Homily for Palm Sunday
Have
you ever received this answer? “Why don’t you go to Church?” “Well,
because they are all hypocrites. I know what they do on the weekends.
And some of them do it during the week. They are all sinners. I do
not want to be around sinners.” Inside I just chuckle. It is quite
possibly my favorite answer. As Christians we know that the reason we go
to Church is the same, “I am a hypocrite. I say one thing and do another.
I am a sinner. I do the things I don’t want, and don’t do the things I
ought.” Here at Church is where all the Hypocrites are welcome.
Here is where all the sinners come together. Here is where sinner and
hypocrite meet Jesus.
Throughout
the Gospels one of the complaints against Jesus is that he is seen associated
with public sinners. He eats with tax collectors, he forgives adulterers,
he drinks water with Samaritans. He surrounds himself with sinners and
hypocrites. Jesus, sinless though He was, throws himself into the midst
of sin and death. He gets his hands dirty.
He
calls fishermen, tax collectors, zealots, and Samaritans. He goes out
searching for sinners, and when they come to him, he welcomes them with open
arms. He preaches on the hilltop and in the valley. He preaches
from the boat and in the temple. He is always searching for the next soul.

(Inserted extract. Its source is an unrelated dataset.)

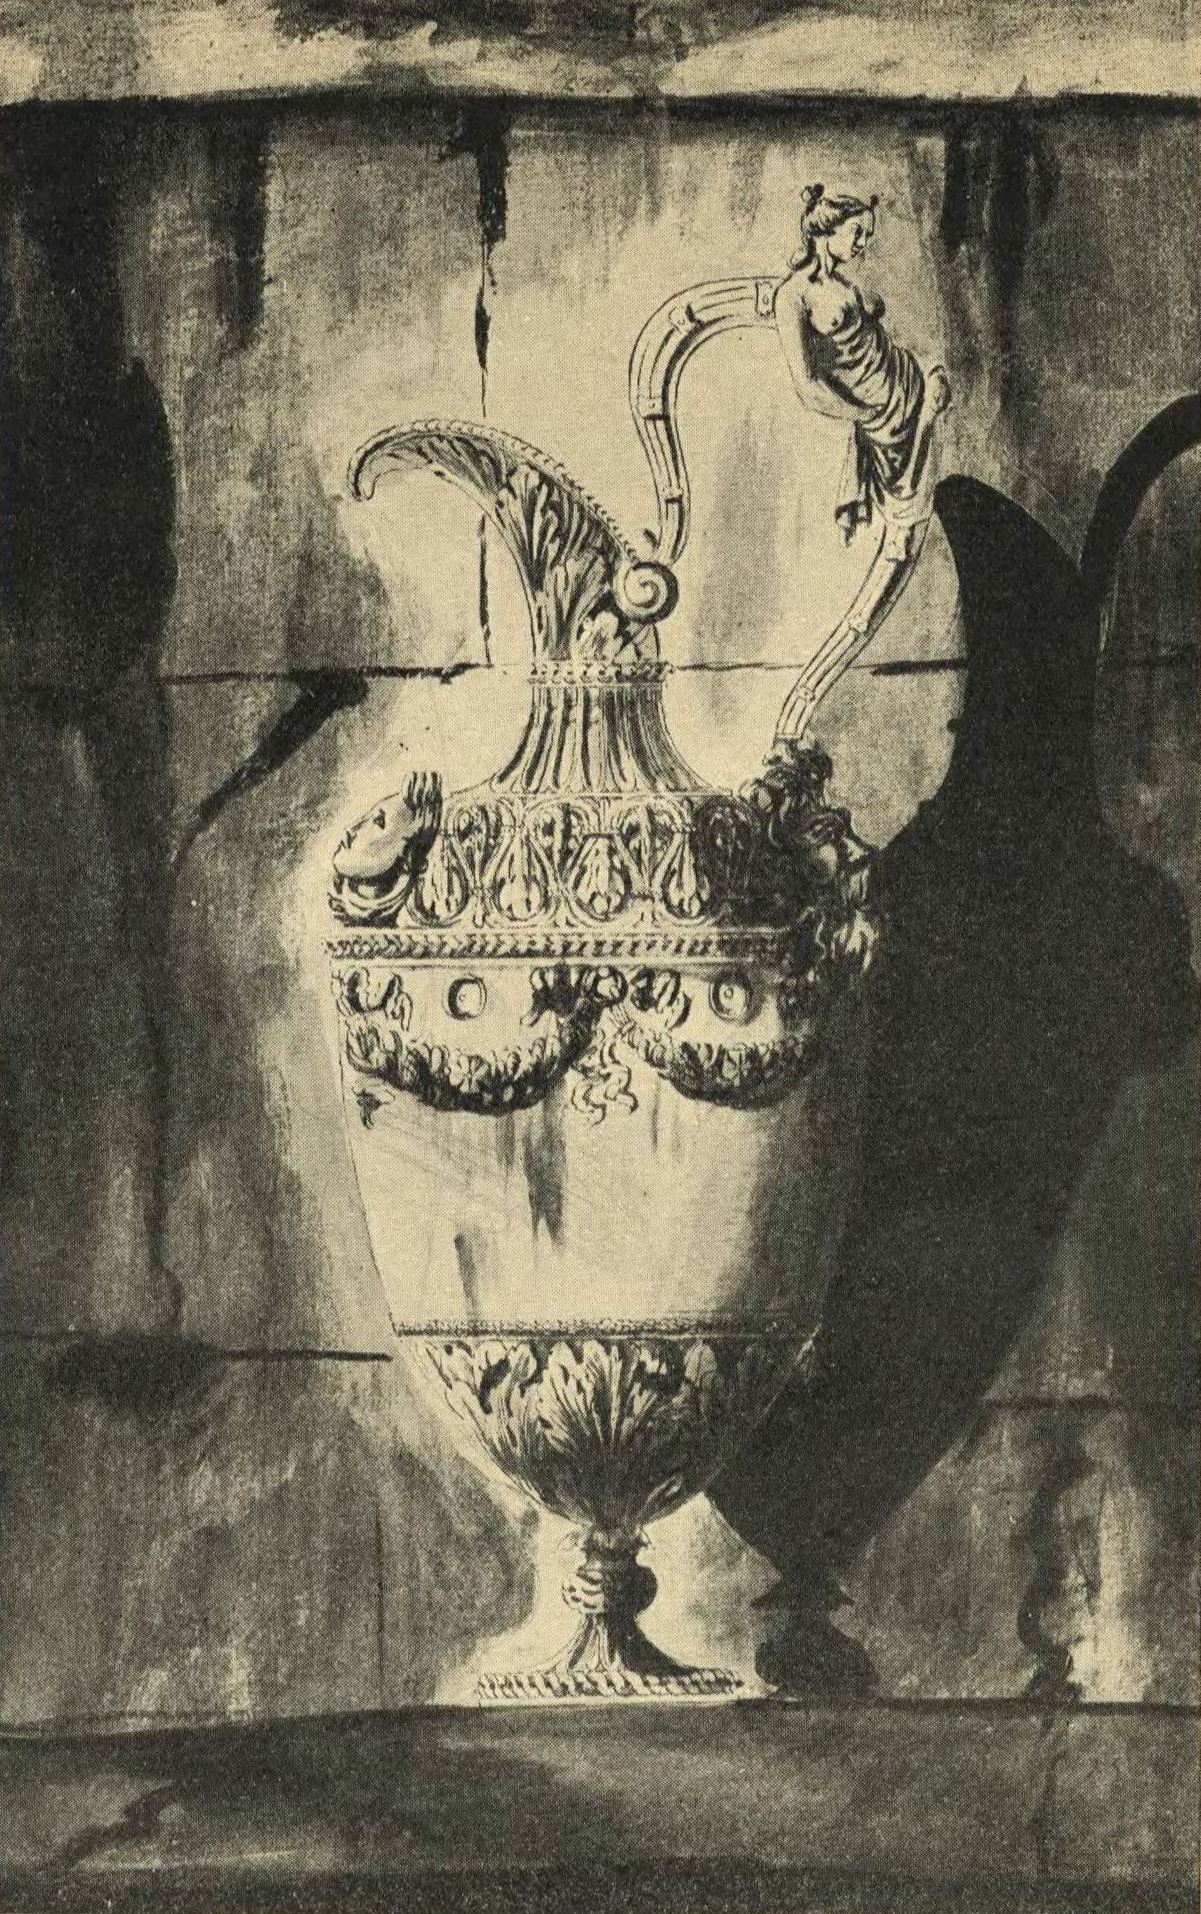 3. Рисунок серебряного кувшина в античном греко-римском стиле. Альбом Камерона 1764 г.

He desires his message to be for all people and all time.
They
go to pray, these sinners who are blinded by their ambition, and the one who
serves them all. He prays so deeply, so immediately, so completely, that
he sweats blood, and they sleep.
Then
they come the ones who have called for his destruction. They come to
teach Him a lesson. They come in the midst of the darkness, in the shadow
of night, sinners who are hidden from the light. A sick sort of community
bonded in their desire to stay hidden. He is betrayed by an act of
intimacy. They arrest him.
The
put him on trial, and refuse to believe the signs they have seen. The
have a blood thirst, a tremendous jealousy because He knows Yahweh as “Abba,”
as father. This cannot be they cannot let it stand. They mob him
over to Pilate. This sick community has grown and become a mob, crying
for blood, shouting for retribution, demanding death. Jesus has become
the scapegoat of the society, of the entire community; everything that is wrong
with Jerusalem is His fault. They hand him over, and Pilate reluctantly
acquiesces to their demands.
He
gave health and healing to those who asked, and they gave him a cross to bear.

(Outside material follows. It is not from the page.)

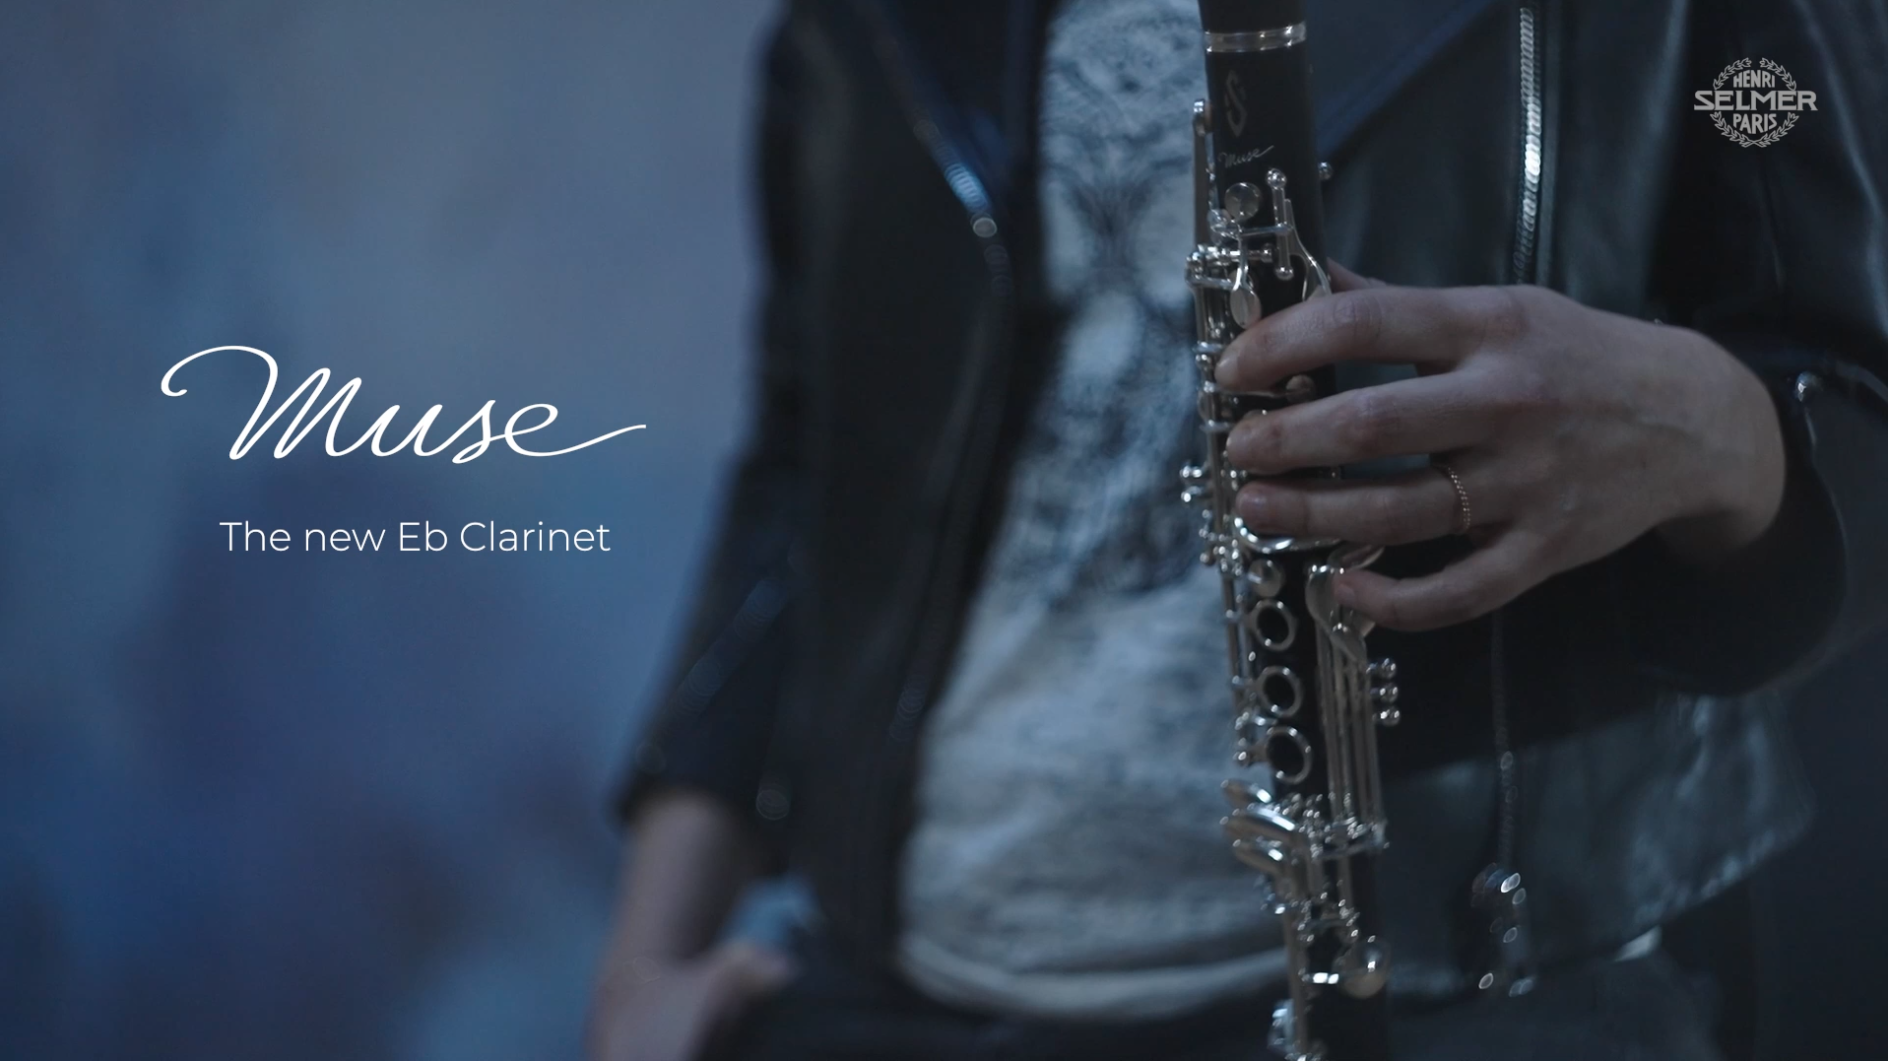 Charger la vidéo : {&quot;type&quot;:&quot;root&quot;,&quot;children&quot;:[{&quot;children&quot;:[{&quot;type&quot;:&quot;text&quot;,&quot;value&quot;:&quot;Durant quatre années, les équipes de Recherche et Développement Henri SELMER Paris et les clarinettistes d&#39;orchestres de différents pays retenus pour ce projet ont associé leurs connaissances et expériences pour donner naissance à &quot;},{&quot;type&quot;:&quot;text&quot;,&quot;value&quot;:&quot;la clarinette Mib professionnelle Muse&quot;,&quot;bold&quot;:true},{&quot;type&quot;:&quot;text&quot;,&quot;value&quot;:&quot;.&quot;}],&quot;type&quot;:&quot;paragraph&quot;},{&quot;children&quot;:[{&quot;type&quot;:&quot;text&quot;,&quot;value&quot;:&quot;D&#39;abord, nous sommes repartis de ce qui faisait le succès de la clarinette Mib Récital :&quot;},{&quot;type&quot;:&quot;text&quot;,&quot;value&quot;:&quot; l&#39;architecture de la perce et le diamètre extérieur&quot;,&quot;bold&quot;:true},{&quot;type&quot;:&quot;text&quot;,&quot;value&quot;:&quot;, donnant une grande confiance de jeu aux musiciens.&quot;}],&quot;type&quot;:&quot;paragraph&quot;},{&quot;type&quot;:&quot;paragraph&quot;,&quot;children&quot;:[{&quot;type&quot;:&quot;text&quot;,&quot;value&quot;:&quot;&quot;}]},{&quot;type&quot;:&quot;paragraph&quot;,&quot;children&quot;:[{&quot;type&quot;:&quot;text&quot;,&quot;value&quot;:&quot;Nous nous sommes ensuite inspirés des avancées&quot;},{&quot;type&quot;:&quot;text&quot;,&quot;value&quot;:&quot; &quot;,&quot;bold&quot;:true},{&quot;type&quot;:&quot;text&quot;,&quot;value&quot;:&quot;liées aux clarinettes Sib et La Muse pour modifier la forme de certains trous et emplacements, afin d&#39;obtenir un &quot;},{&quot;type&quot;:&quot;text&quot;,&quot;value&quot;:&quot;meilleur équilibre de justesse&quot;,&quot;bold&quot;:true},{&quot;type&quot;:&quot;text&quot;,&quot;value&quot;:&quot;.&quot;}]},{&quot;type&quot;:&quot;paragraph&quot;,&quot;children&quot;:[{&quot;type&quot;:&quot;text&quot;,&quot;value&quot;:&quot;Autre nouveauté : la clarinette a été tamponnée en liège (sauf les 4 tampons des graves qui restent en cuir), afin de garantir une &quot;},{&quot;type&quot;:&quot;text&quot;,&quot;value&quot;:&quot;émission plus facile, une précision de jeu et une meilleure définition du son&quot;,&quot;bold&quot;:true},{&quot;type&quot;:&quot;text&quot;,&quot;value&quot;:&quot;.&quot;}]},{&quot;type&quot;:&quot;paragraph&quot;,&quot;children&quot;:[{&quot;type&quot;:&quot;text&quot;,&quot;value&quot;:&quot;&quot;}]}]}

They nail him to the cross in the midst of sinners, one on His right and the
other on His left. In the midst of their dying, one of them joins the
mob, “Can you not save yourself and us besides?” The other asks for
forgiveness, clemency, and union. He saves the repentant thief. He
saves the hypocrite who recognizes his hypocrisy. He breathes His last,
and the Pagan recognizes His innocence.
As in
life, so in death, he sought the company and companionship of Sinners.
Anyone passing by would assume that he was the worst of the sinners as he was
in the middle. Pilate labels him for ridicule, “This is the King of the
Jews.” Yes, He is. He is our King, not because He has the power,
not because he is the great judge. He is our king because God has become
man. He is one of us too. He came to be in solidarity with the
sinner. He came in self-emptying compassion. He came to save us.
He came in the midst of sin and death and conquered. We stand at the foot
of the cross and proclaim. This one is our King. We order our lives
around Him. He makes all within us right, when He is the center.
This crucified and broken man is our King. How happy I am to be a
hypocrite that he would sit with me.